There’s a common narrative that college is supposed to be the “best years of your life” (for academic and personal growth), but for students like myself and the many others who are grieving: It can feel like you’re expected to “wear a mask” and just “keep swimming.”

Family and peers often put intense pressure on us to succeed, pursue higher education, and be “okay.” But the path of grief doesn’t always allow that consistency. If I didn’t carry the constant desire to make my parents proud, I don’t know if I’d be where I am today.

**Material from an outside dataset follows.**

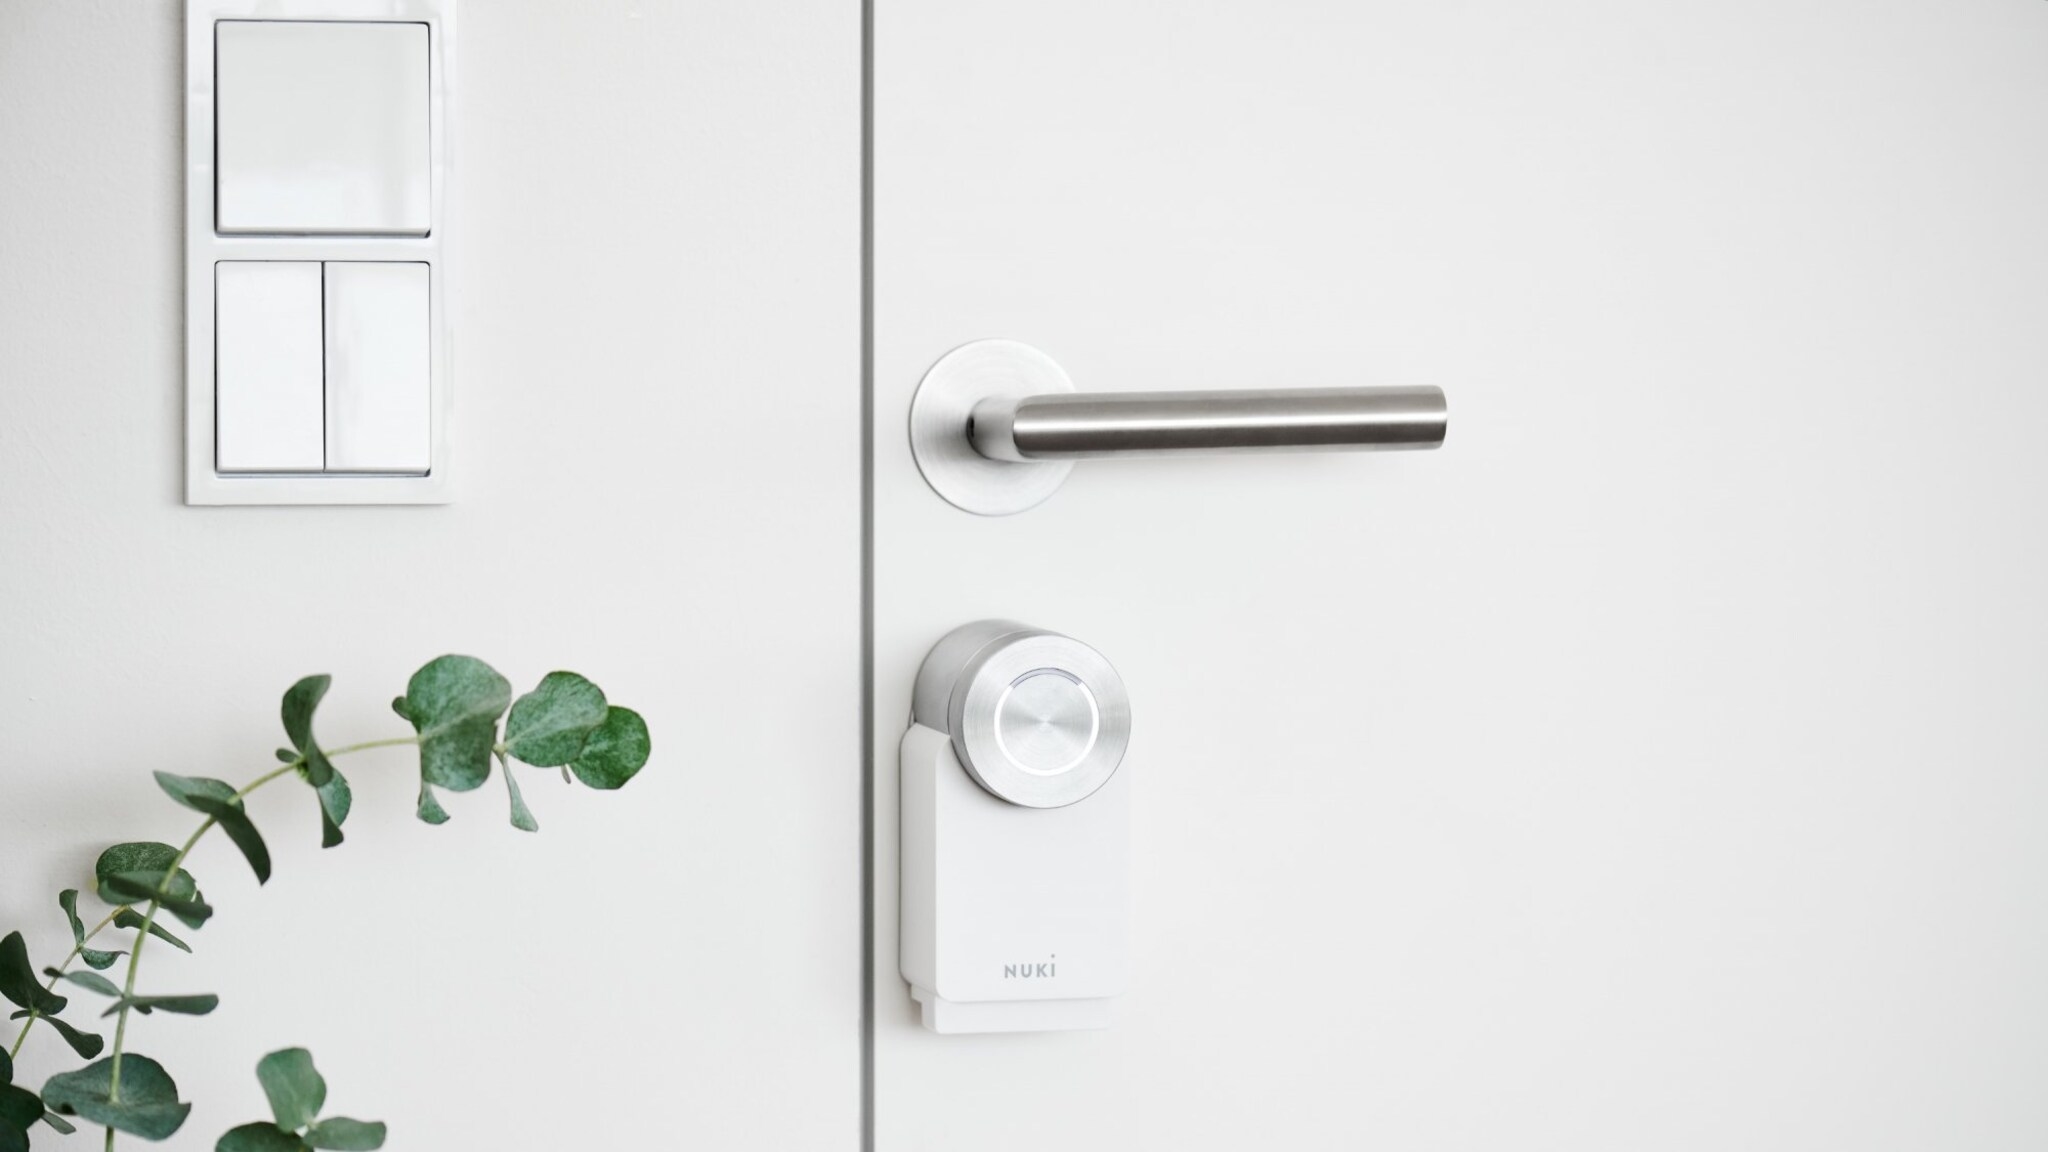 Nuki Smart Lock : serrure connectée pour la porte d'entrée de votre  domicile - De la roue à l'intelligence artificielle, les innovations et les  inventions qui révolutionnent le monde !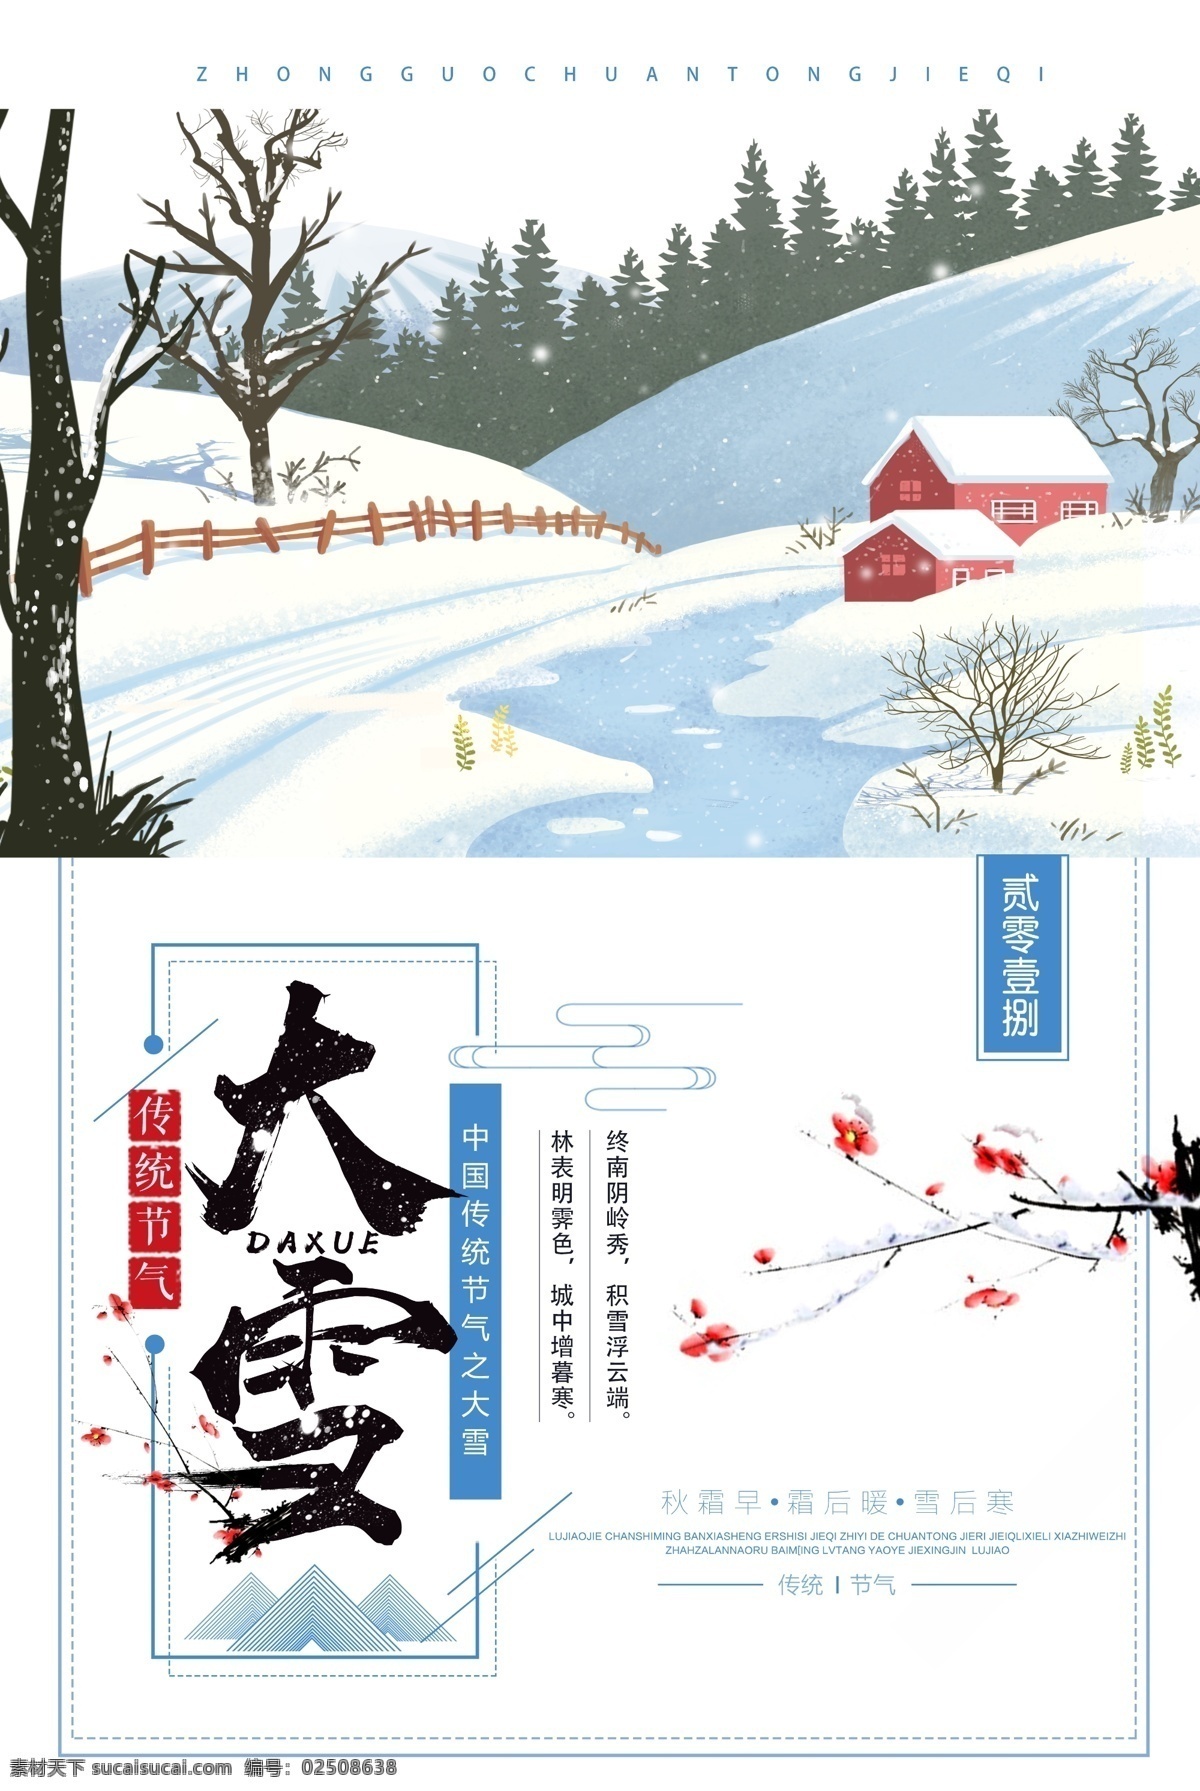 创意 卡通 大雪 节气 海报 滑雪 男孩 传统 中国传统 大雪卡通 中国 卡通中国 滑雪卡通 卡通滑雪 中国卡通 传统卡通 传统中国 创意卡通 卡通创意

That motivation has been my anchor to succeed.

In an essay published on October 7, 2024, writer Justin Grimes put it well: “Dealing with loss while juggling school or work isn’t easy, and there’s no manual for handling it perfectly… Grief doesn’t follow a timeline, and you shouldn’t expect yourself to either.”

Justin captures the truth that many of us know all too well: grief doesn’t end after a semester or a school year. It lingers, often returning in waves when we least expect it.

According to a student article from Purdue University, “40% of college students are grieving a death…Servaty-Seib’s research with grieving college students has indicated that students dealing with grief often struggle academically.” Students are silently navigating the emotional toll of grief. This statistic underscores that grief is not a rare or isolated experience; it’s a widespread issue affecting nearly half of the student population.

You never truly know what someone else is going through. There is immense pressure on students to be able to fit in socially, excel in their academic responsibilities, and present as emotionally stable, regardless of the personal challenges they may be enduring. We need more unspoken compassion in our classrooms and communities. Empathy to all. 

Whatever path someone takes, whether it’s finishing school on time, taking a break, or finding a nontraditional route, should be accepted without judgment. Remember, grief is not a weakness, and it’s a normal part of the cycle of life.

As always, with time, patience, and support, will come the final stage of grief: acceptance. It doesn’t mean forgetting or moving on. It means learning to live with the loss. It means learning that love can only grow stronger with distance. It means understanding that grief and love can coexist and that healing doesn’t erase the past, but honors it. It means learning to carry the memories without being crushed by them, to smile at what was, and to hope for what still can be.

In the acceptance stage, one finds inner power, peace, and the freedom to move forward in light and love.

Langley Marshall is a rising senior at Central Connecticut State University.